Andy Burnham: We have taken a number of steps to assess the accuracy of biometric readings: we have closely reviewed leading scientific evidence in the field; we have consulted biometric experts from academia and industry and we have sought to build on the experience and knowledge of other organisations, such as Immigration and Nationality Directorate (IND), Police Information Technology Organisation (PITO) and Communications-Electronic Securities Group (CESG).
With regard to the effects of age and durability of biometrics, the Home Office has consulted expert opinion which has concluded that fingerprint and iris biometrics do not generally change over long periods, once adulthood is reached. We have reviewed leading studies on facial mapping and continue to review the likely performance of future technologies in this field to make a more detailed judgment on its durability.
Some occupations cause damage to fingerprint biometrics and this may, in some instances, limit the ability of an individual to use this biometric. However, face and iris image biometrics would still be available for these people.
Keith Vaz: To ask the Secretary of State for the Home Department what the citizenship tests will contain; who will sit them; and what will happen to an applicant who fails the citizenship test. 
Mr. McNulty: I refer my hon. Friend to the written ministerial statement of 15 June 2005, Official Report, column 14WS, which sets out the steps we are taking to introduce the requirement that all those applying for naturalisation will need to demonstrate knowledge of life in the United Kingdom. The statement also sets out the two ways in which prospective citizens can demonstrate their knowledge. A person who fails the test is advised to study the source material further before attempting it again.
Keith Vaz: To ask the Secretary of State for the Home Department whether the Government have commissioned research into the usefulness of citizenship tests in helping people to settle in the UK. 
Mr.

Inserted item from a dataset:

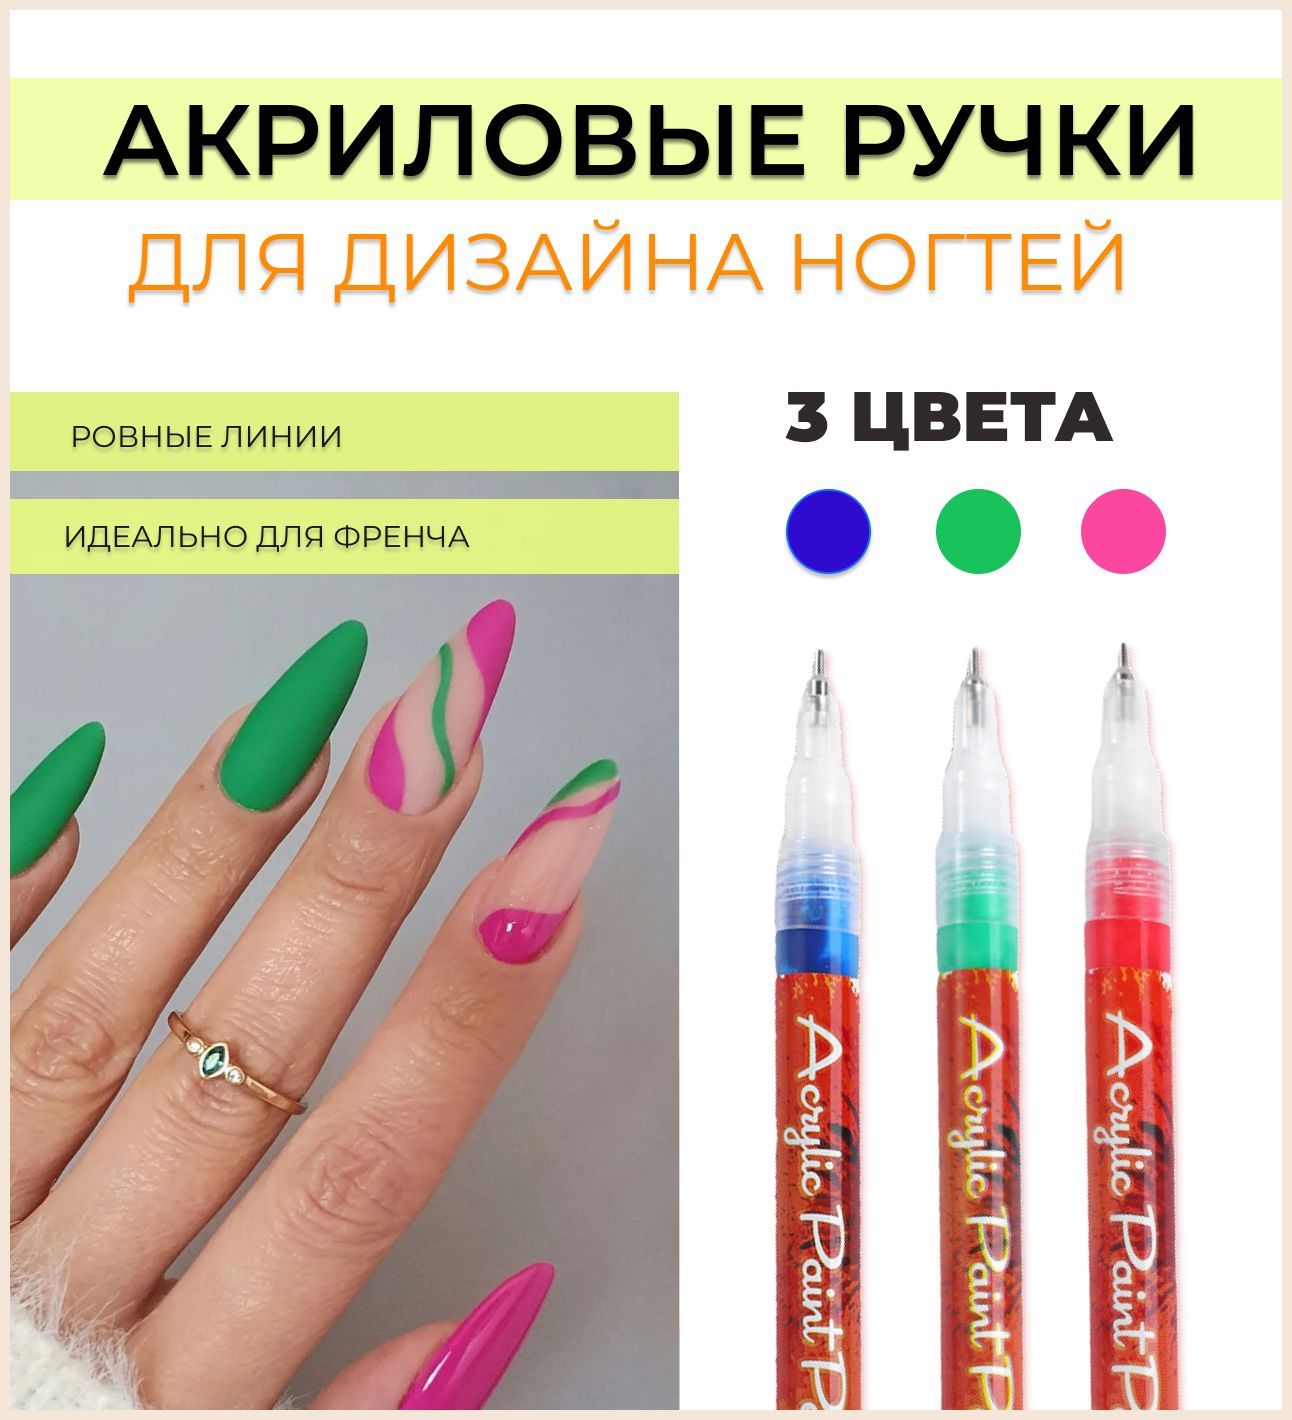 Кисти для дизайна ногтей купить недорого в Москве - интернет-магазин FRENCHnails

Burstow: To ask the Secretary of State for the Home Department how many cases of computer (a) hacking, (b) fraud and (c) theft his Department recorded in each year since 200102; and for each year on how many occasions computer systems have been illegally accessed by computer hackers (i) within and (ii)outside his Department. 

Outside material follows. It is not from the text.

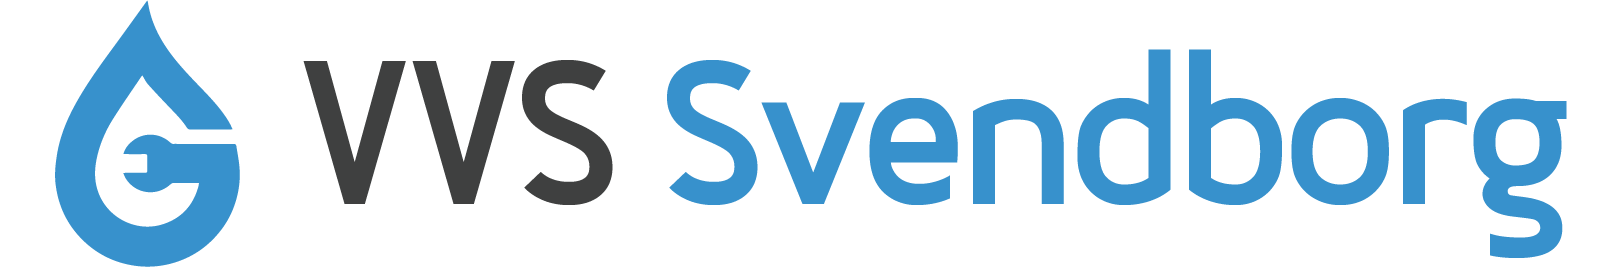 VVS Svendborg logo

Paul Goggins [holding answer 15 June 2005]: As has previously been announced, changes to the Computer Misuse Act 1990 will be required in order to implement the requirements of the European Union Framework Decision on Attacks Against Information Systems and the related provisions contained in the Council of Europe Cybercrime Convention. These measures will be brought forward when parliamentary time allows.
Mr. Donohoe: To ask the Secretary of State for the Home Department when he expects to reply to the letter of 14 January, from the hon. Member for Central Ayrshire, regarding the application of Edward Salmon of McDonald Drive in Irvine for a British passport. 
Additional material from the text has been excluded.